Basiliximab is used in adults and children in combination with ciclosporin and corticosteroids for disease prevention of acute graft rejection after kidney transplants. In adults, it can also be used as part of an immunosuppressive treatment duration in combination with cyclosporine, corticosteroids and azathioprine or mycophenolate mofetil.

Currently, clinical trials for the treatment of ulcerative colitis are performed with basiliximab, for this indication, however, is currently not approved before.

Posology and method of administration

Once ensure that the patient receives the transplant can be administered intravenously two hours prior to the 20 mg basiliximab transplantation in adults. Four days after the transplantation, followed by a further dose of 20 mg.
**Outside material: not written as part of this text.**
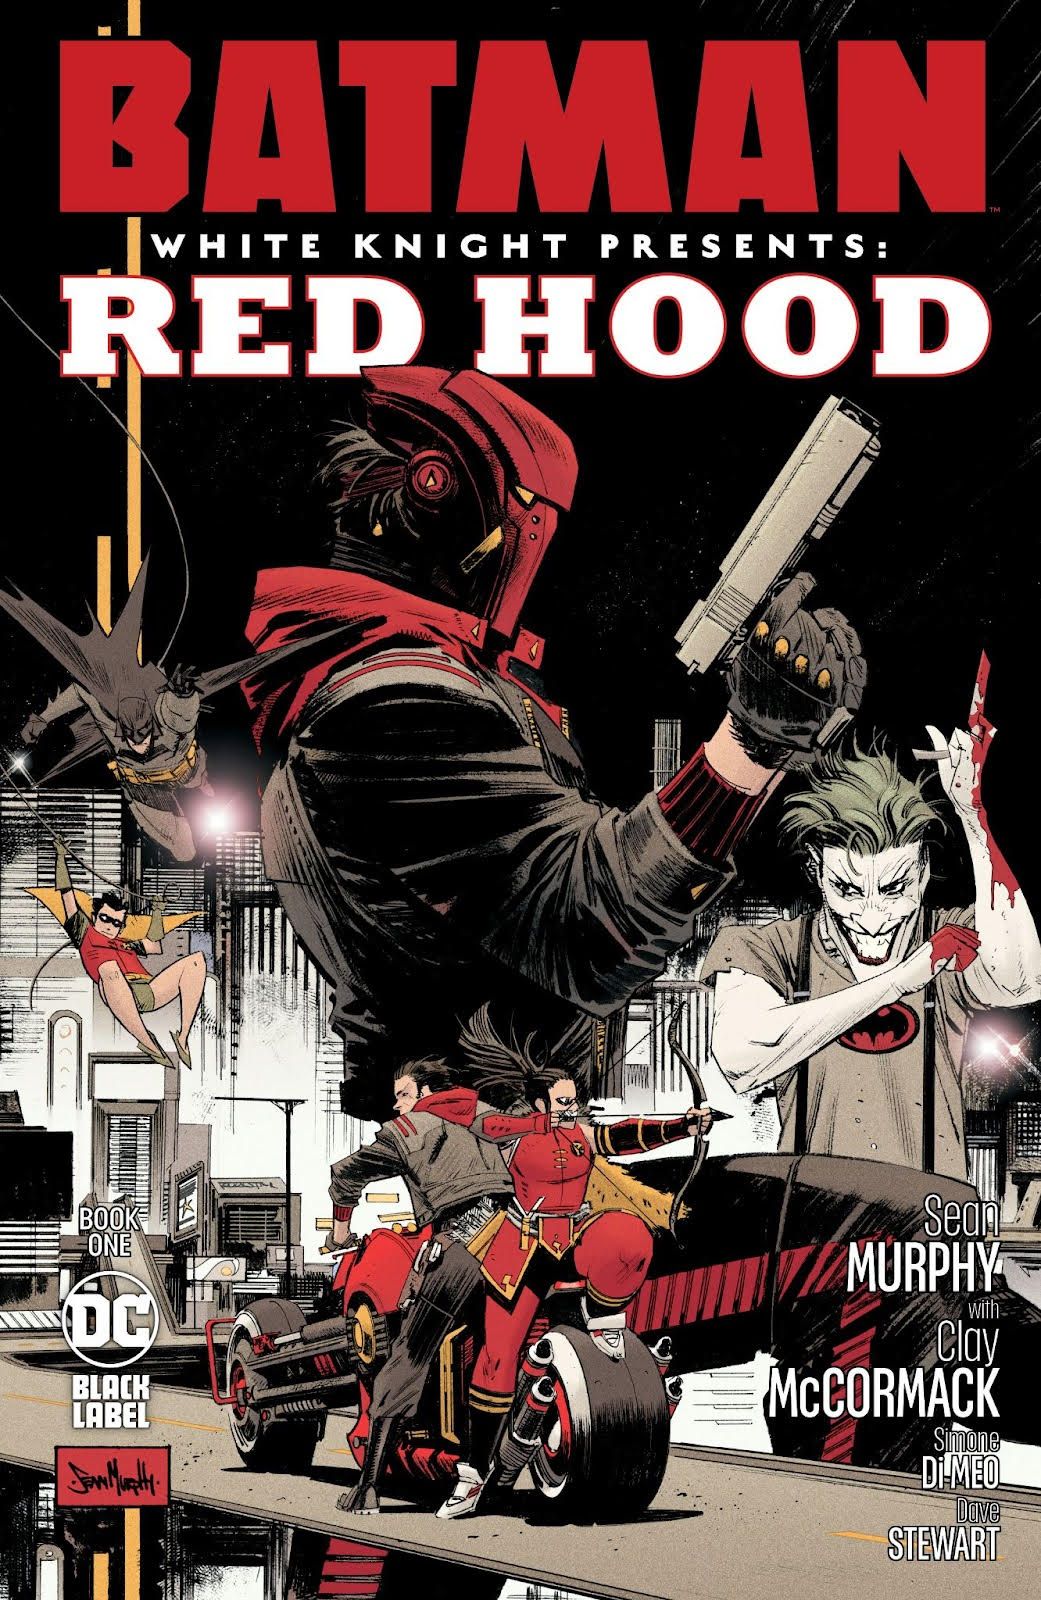 DC's White Knight's Universe Expands with Red Hood Spinoff Series
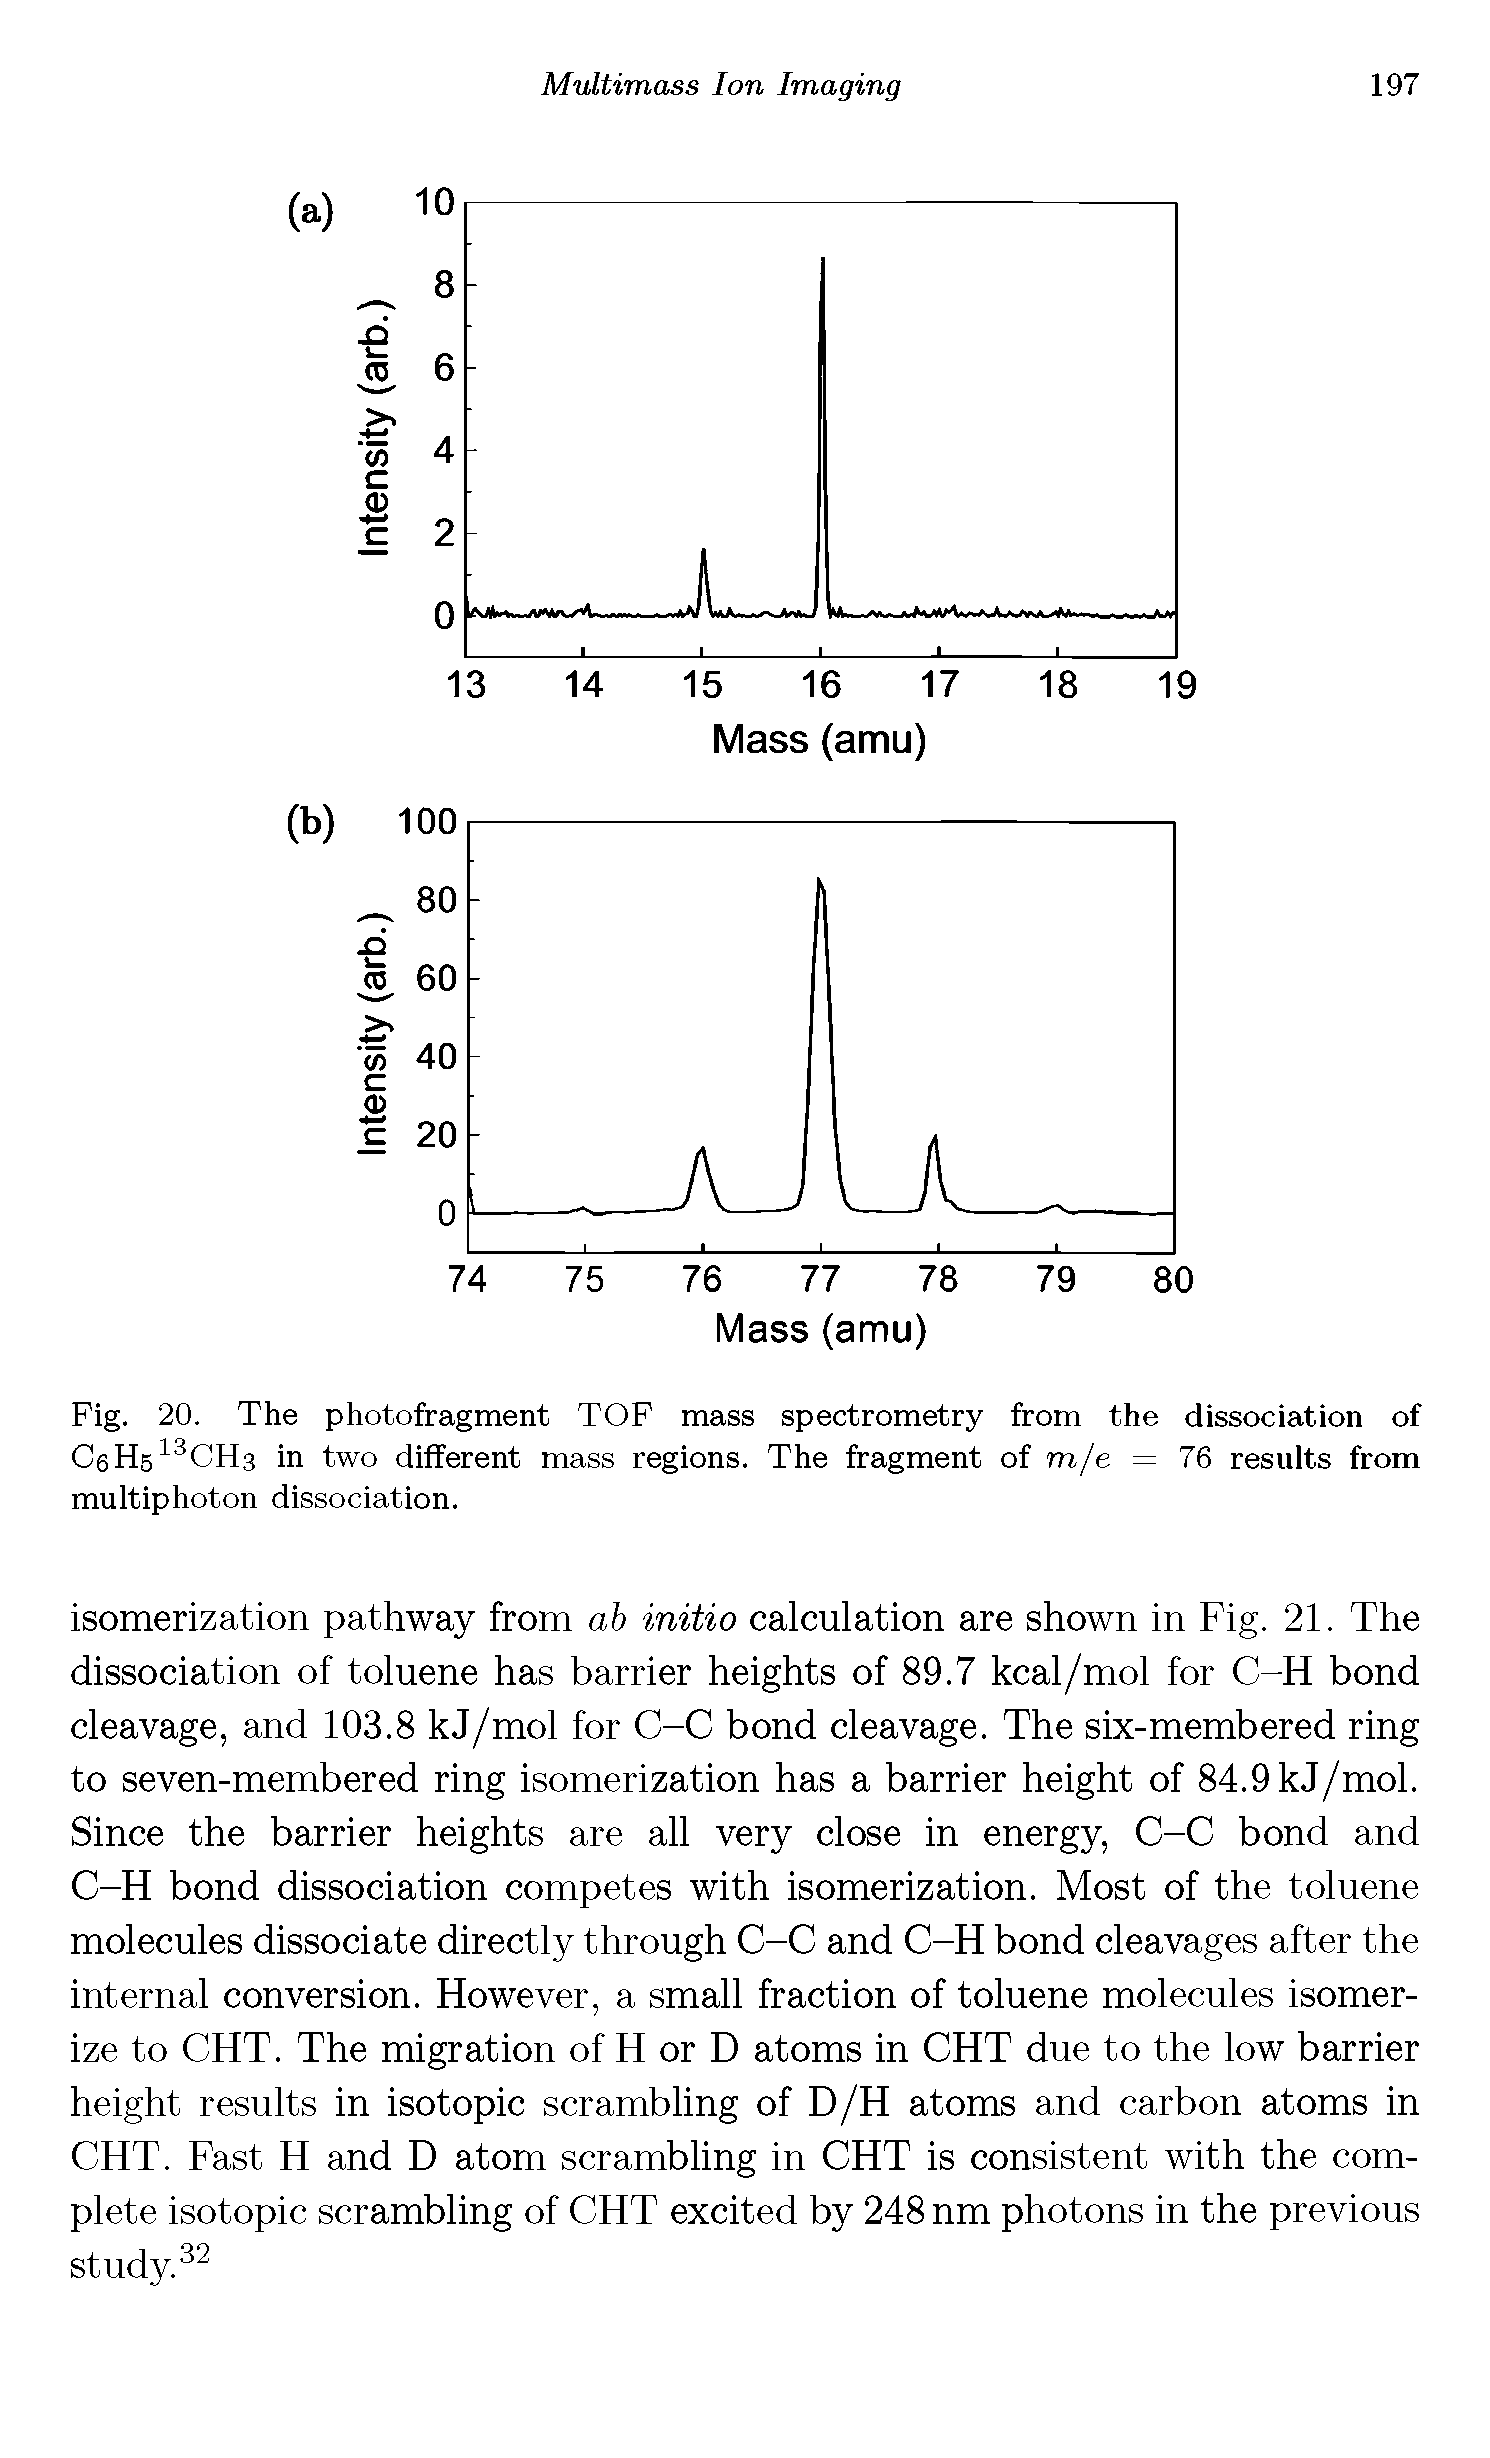 Fig. 20. The photofragment TOF mass spectrometry from the dissociation of C6Hb13CH3 in two different mass regions. The fragment of m/e = 76 results from multiphoton dissociation.

Contraindications ( contraindications)

Basiliximab may be used either with a known hypersensitivity to the antibody during pregnancy and lactation.

Adverse effects (side effects)

Basiliximab leads to a variety of side effects; be in addition to very frequent, such as pain or nausea, though rarely, observed hypersensitivity reactions, which may be severe. Therefore, the use of the antibody may occur only in hospitals that are able to deal with such hypersensitivity reactions. An increased number of infectious diseases, or malignant disease was not observed.

Pharmacological properties

Mechanism of action ( pharmacodynamics )

Basiliximab binds and blocks the IL -2 receptor ( CD25 ) on the surface of activated T-lymphocytes. Characterized the signal for T -cell proliferation is interrupted and weakened immune response against the transplant. In clinical studies in a total of 590 patients could be shown that supplementing a standard immunosuppressive treatment with basiliximab leads to a reduced number of acute transplant rejection. Another drug with the same mechanism of action is the humanized antibody daclizumab.

Toxicology

In rhesus monkeys showed single doses up to 5 mg / kg and multiple doses up to 24 mg / kg ( more than a thousand times the exposure according to the clinically recommended dose) no adverse effects. In clinical studies, 60 mg as a single dose and 150 mg multiple doses no adverse effects.

Other Information

Chemical information

Basiliximab is a chimeric ( mouse / human ) antibody IgG1 produced in mouse myeloma cells in cell culture. The finished medicinal product also contains as excipients potassium dihydrogen phosphate, disodium hydrogen phosphate, sodium chloride, sucrose, mannitol, glycine, and water for injections.

History

The antibody was approved in May 1998 in the U.S. and in October 1998 in the European Union.